Aha, but somebody does read them: The exception_
. The problem is that the call to the exception_
is invisible: It is called when an exception is thrown by the f1()
or f2()
function, or by the destructor of the S
objects.¹
But wait, some of these really are dead stores. For example, the assignments of 2 to node.state
is a dead store, because it is immediately followed by a store of 3, and there is nothing in between, so no exception could occur while the value is 2. Similarly, the store of 3 is dead because the destructor of S
is implicitly noexcept
.¹ And the store of 4 is dead for the same reason: No exception can occur when destructing s1
.
Further dead store elimination becomes possible if f1
or f2
are changed to noexcept
.
So the optimizer is in a tricky spot here: It wants to eliminate dead stores, but the simple algorithm for identifying dead stores doesn’t work here because of the potential for exceptions.
Coroutines make this even worse: When a coroutine suspends, the exception-handling node needs to be copied from the stack into the coroutine frame, and then removed from the stack frame. And when the coroutine resumes, the state needs to be copied from the coroutine frame back into the stack, and linked into the chain of exception handlers.
Knowing exactly when to do this unlinking and relinking is tricky, because you still have to catch exceptions that occur in await_suspend
and store them in the promise. But we learned that await_suspend
is fragile because the coroutine may have resumed and run to completion before await_suspend
returns.
void await_suspend(coroutine_handle<> handle) { arrange_for_resumption(handle); throw oops; // who catches this? }
The language says that the thrown exception is caught by the coroutine framework, which calls promise.unhandled_exception()
. But the promise may no longer exist!
Dealing with all these crazy edge cases makes exception handling on x86, and particularly exception handling on x86 in coroutines, quite a complicated undertaking.

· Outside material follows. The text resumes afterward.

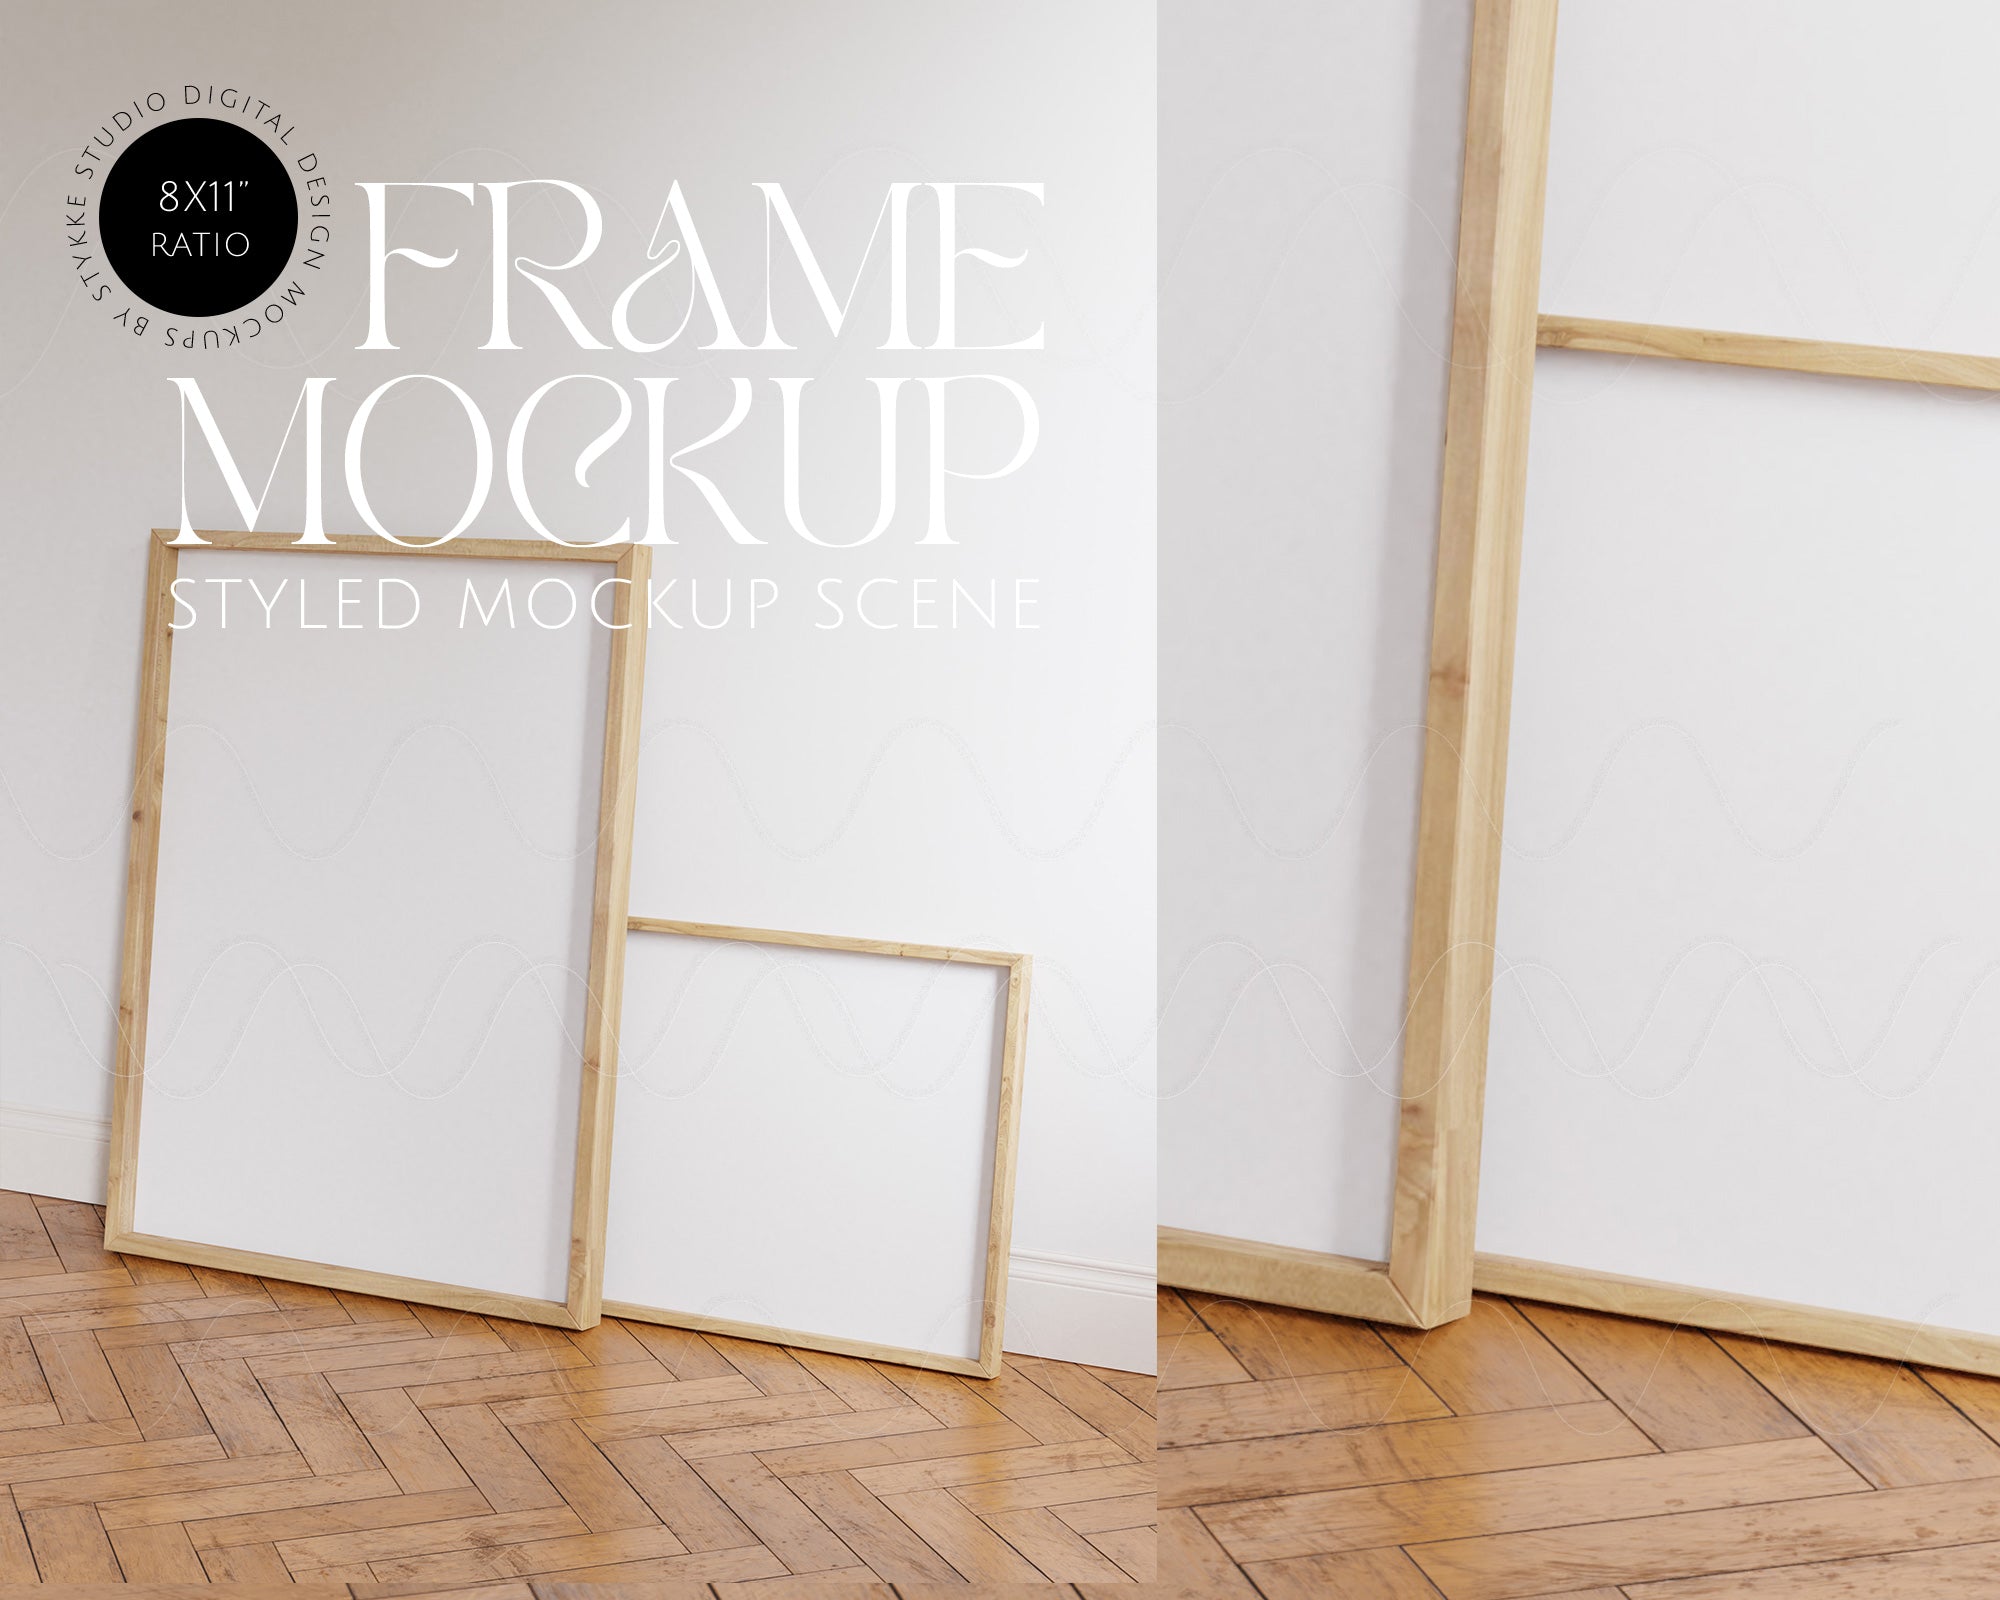 Gallery Chair 10 | 2 Frame Single Mockup

Bonus reading: Zero-cost exceptions aren’t zero cost.
¹ Destructors default to noexcept if no members or base classes have potentially-throwing destructors, but you can mark your destructor as potentially-throwing,² and then exceptions thrown from destructors become something the compiler has to worry about.
² Please don’t do that.
But why does x86-32 exception handling have to work that way? Especially since x86-64 exception handling is table-based, like all the RISC architectures.

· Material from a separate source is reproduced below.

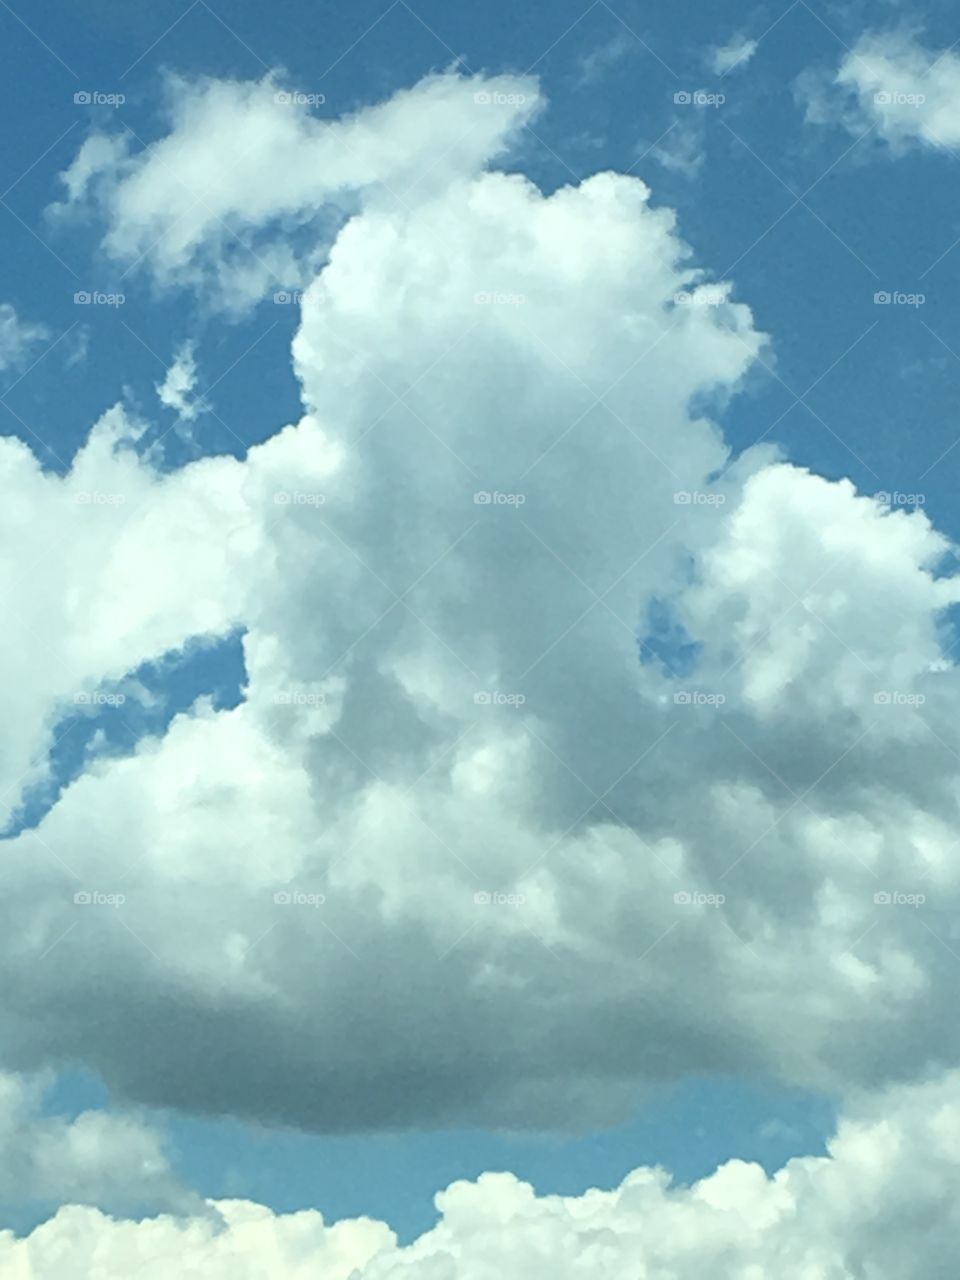 Billowing cloud

Table-based exception-handling metadata requires function prologue/epilogue sequences to have constrained forms that can be described by that metadata. When NT was first designed for x86-32, there was a lot of existing asm code that people wanted to easily port over to NT, and that ported code included pretty much every weird function entry/exit sequence you could think of (and lots more that you wouldn’t imagine anyone would ever think of). Switching to table-based metadata would have required modifying all that code, making porting more difficult. At least, I assume that’s the reasoning – I was deeply involved in the SEH runtime code in the ’90s and ’00s when I was on the VC++ compiler team.